Why is this , and how much is this (in plain english ) please ?

thanks Paul



---------------------------------------------------------------------
To unsubscribe, e-mail: java-user-unsubscribe@lucene.apache.org
For additional commands, e-mail: java-user-help@lucene.apache.org


Re: Lucene computes an automatic boost based on the number of tokens in the field (shorter fields have a higher boost) ?

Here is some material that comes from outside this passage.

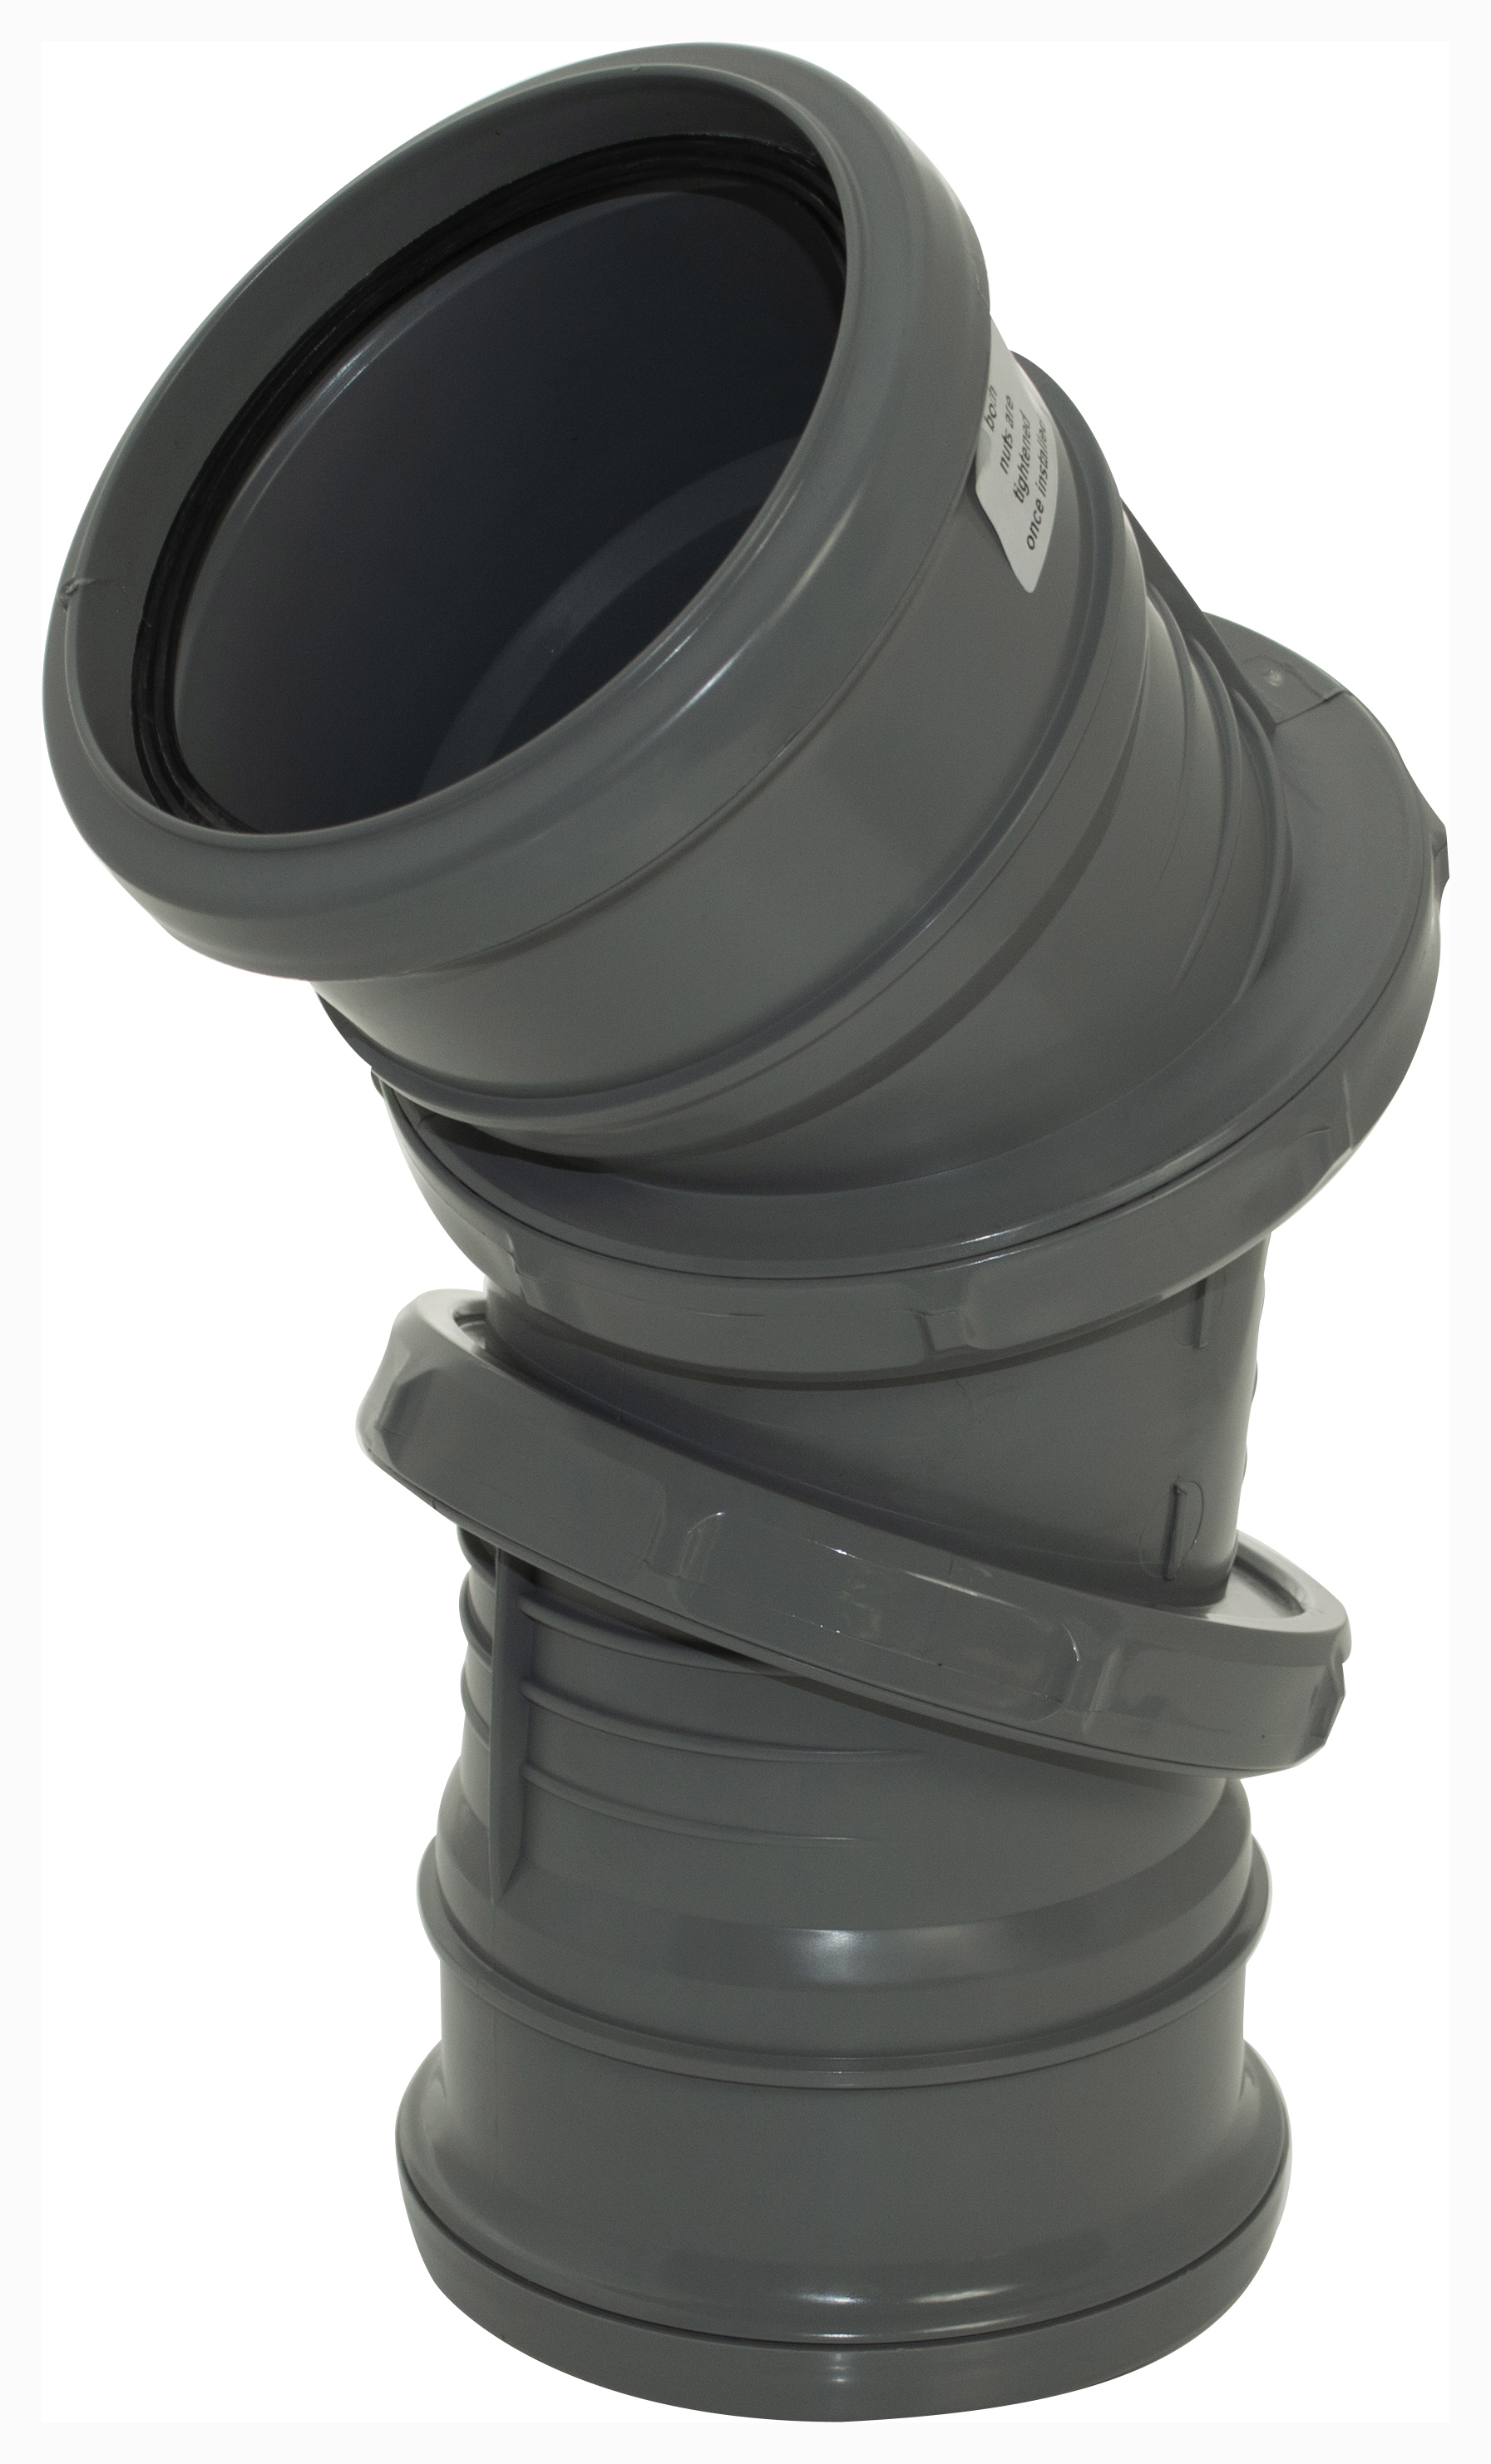 Floplast 110mm Soil Pipe Adjustable Bend Double Socket 0 to 90 - Anthracite Grey SP560AG

Posted by Erick Erickson <er...@gmail.com>.
I'd *strongly* recommend getting a copy of Luke, opening your index
with it and playing around. The "explain" tab will show you a *lot*
about how scoring works......

Erick

On Tue, Jan 12, 2010 at 8:16 AM, Paul Taylor <pa...@fastmail.fm> wrote:

> Benjamin Heilbrunn wrote:
>
>> This is because matches in short fields (few terms) als typically more
>> pregnant, than matches in long fields (much terms).
>>
>> Imagine the case with two fields named "title" and "content"
>> representing the title and the content of books.
>> If you match three search terms in a five terms title this is a better
>> hit than if you match those three search terms in the content of the
>> book.
>>
>> The length normalization factor is calculated by your Similarity
>> implementation in the method
>> public float lengthNorm(String fieldName, int numTokens)
>>
>> Does that help you?
>>
>>
>>
>
> Yes, thanks it does I was just getting it, is it base purely on matching a
> field with less terms rather than the percentage of terms in a field
> matched.
> i.e If you match three search terms in a five terms field would this be
> better then if you match those four search terms in a six term field.
>
>
> do you know the answer to my second post.
> i.e what does default lengthNorm return for a single term field, (compared
> to if have no NO NORM whereby assume value 1.0)
>
>
> Paul
>
> ---------------------------------------------------------------------
> To unsubscribe, e-mail: java-user-unsubscribe@lucene.apache.org
> For additional commands, e-mail: java-user-help@lucene.apache.org
>
>

Re: Lucene computes an automatic boost based on the number of tokens in the field (shorter fields have a higher boost) ?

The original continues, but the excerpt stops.